The Environmental Benefits of ACC Huts
ACC huts provide an
environmental option for a growing number of people who want to
experience the majesty of Canada’s mountain backcountry by offering
reliable protection from the elements, communal cooking and sleeping
areas and access to water and toilets. Hut users do their own cooking,
fetch water from nearby streams or by melting snow, and sleep in their
own sleeping bags in common areas. They contribute to keeping the hut
clean during and at the end of their stay, and they pack out all trash
and food wastes.
Conversely, backcountry camping, whether in
developed or undeveloped sites, is land intensive and can lead to
degradation of flora and fauna over time. Unless privies are provided,
human waste can also pose a significant environmental and health issue. Where privies are provided, removal of human wastes can be
difficult. As well, backcountry camping involves ongoing potential for
human/wildlife conflicts.
By centralizing and managing these
impacts, ACC huts significantly reduce the environmental impact of
backcountry travel in a number of ways.
- Considerably less land is required for huts than for equivalent capacity camping, reducing impacts on flora and fauna.
- Huts
reduce the potential for human/wildlife conflicts by separating people,
food and wastes from wildlife. This is safer for both.

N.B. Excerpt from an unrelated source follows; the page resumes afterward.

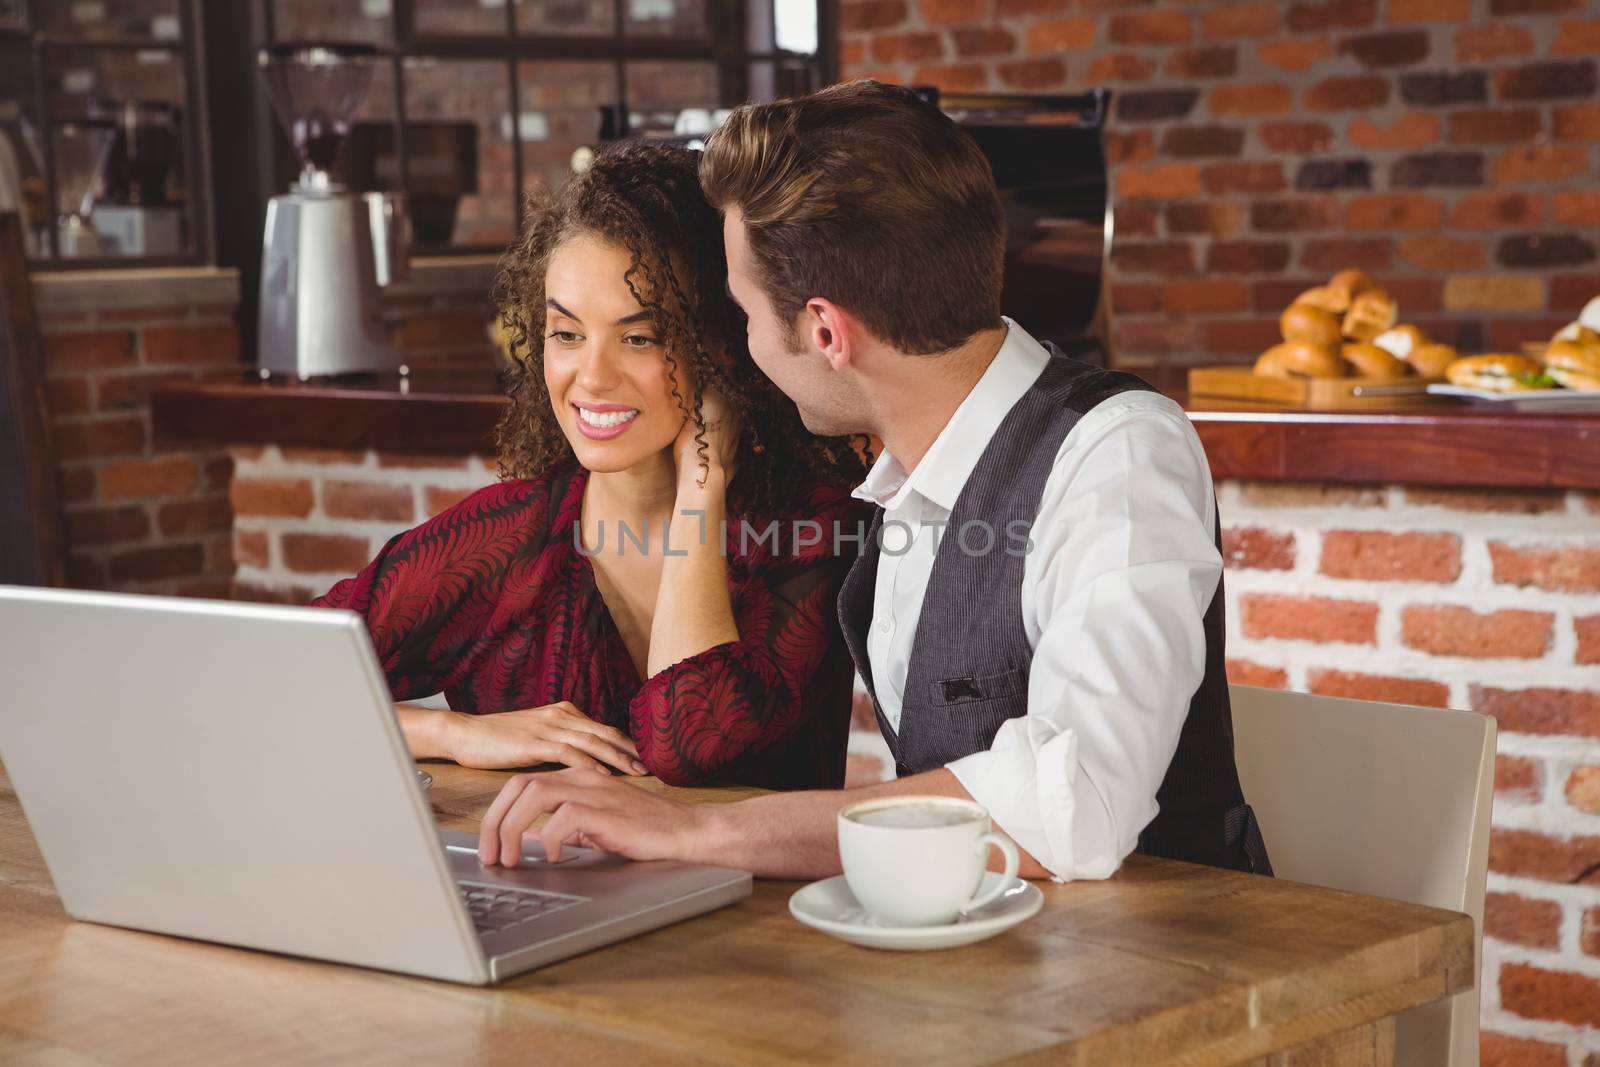 Cute couple on a date watching photos on a laptop at the cafe

- Huts minimize environmental damage by concentrating and controlling human use.
- Huts
reduce the use of fossil fuels by providing more efficient, centralized
cooking, water purification and lighting systems and eliminating the
need for users to haul in fuel containers.
- Huts provide for more
environmentally sound management of black and grey water. The ACC’s
fly-out privy barrel system removes human wastes from the backcountry,
where the land has very limited capacity to absorb wastes without
pollution of the local watershed.
- Huts provide safe emergency shelter for backcountry travelers stranded by poor weather conditions or injuries.
- When
a hut is constructed in a backcountry area where camping has been
permitted, this provides land managers with the opportunity to reduce or
eliminate campground use and rehabilitate the land.
The
ACC has collaborated with Parks Canada to develop best practices and
environmentally sustainable technology for mountain huts. Full
descriptions of the technologies we have developed and employ in many of
our huts are available on the BeeSolutions website.